Hanna Seariac reports: "The highway headed into Price, Utah, has more roadkill on it than moving cars. Through the windy canyons, there is an abandoned, sunken ghost town and periods of time without cellphone reception. Highway 6 may seem out-of-sight and out-of-mind to northern city slickers, but it is one of the routes drug traffickers take to distribute fentanyl and heroin to dealers across the state.
"Price, in the heart of Utah’s Carbon County, is at the crossroads of a growing, deadly drug problem in Utah.
"With a population of just over 8,000 residents, this rural city has seen the devastation of opioid addiction and fentanyl use firsthand. Many residents work blue-collar jobs with a higher potential for on-the-job injuries and the county’s poverty rate exceeds what is typically seen on the Wasatch Front.

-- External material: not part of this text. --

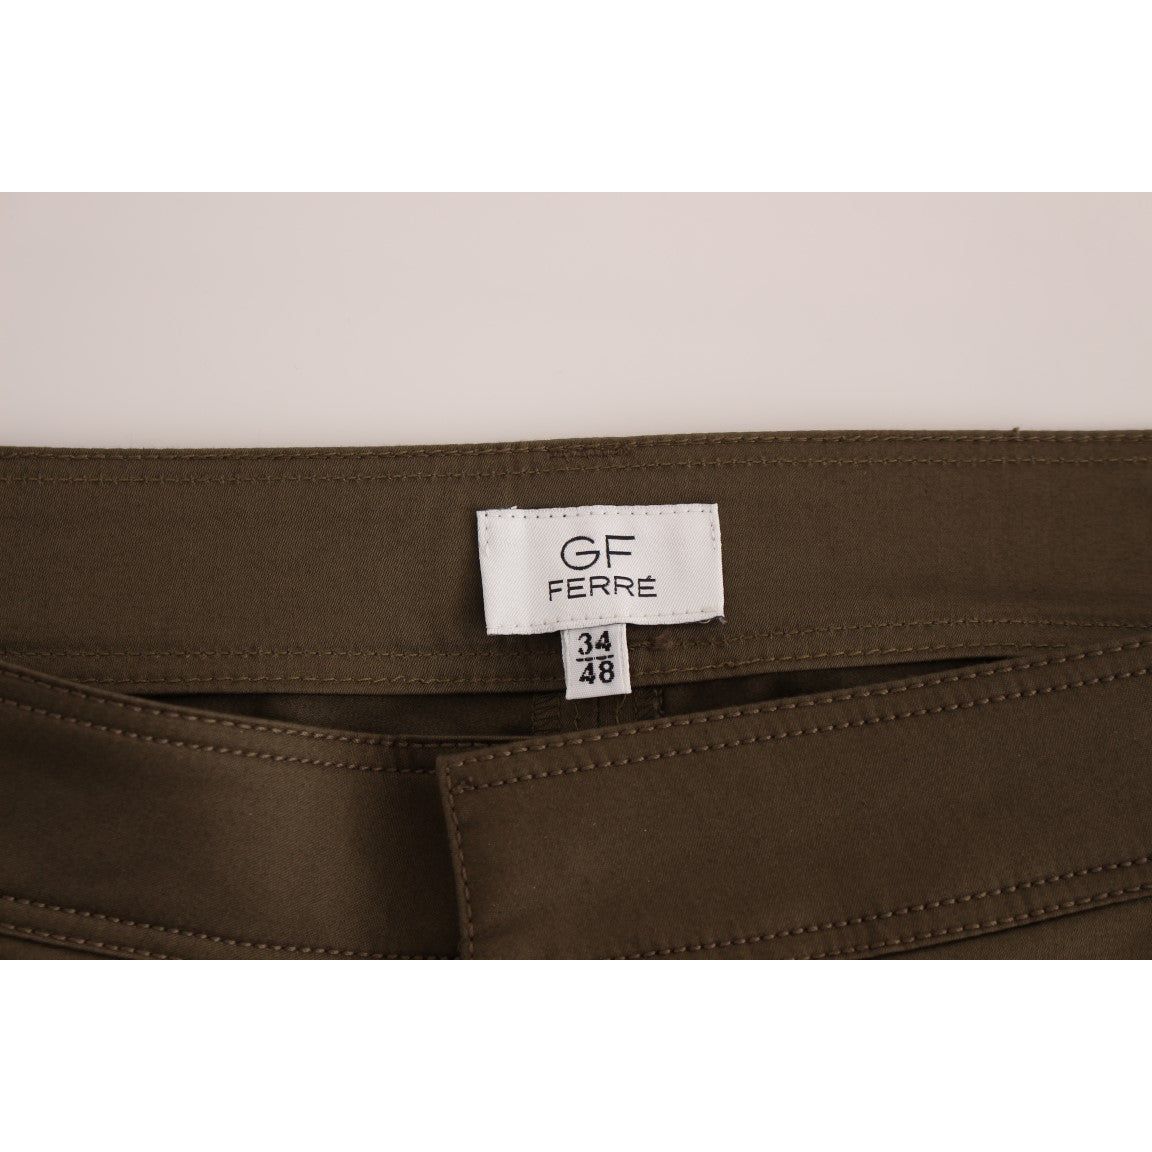 GF Ferre Elegant Green Comfort Straight Fit Pants green-cotton-stretch-comfort-fit-pants 53251-green-cotton-stretch-comfort-fit-pants-6.jpg

"The rate of opioid-related deaths in Carbon County and its two neighboring counties, Grand and Emery, overwhelmingly exceeds the state’s death rate. Utah’s overall rate is 18.3 deaths per 100,000 people, but these counties on the highway from Mexico to Salt Lake City see a death rate of 42.7 per 100,000 people, according to the most recent data on the Utah Department of Health and Human Services from 2021. The rate of opioid prescriptions? It is also higher."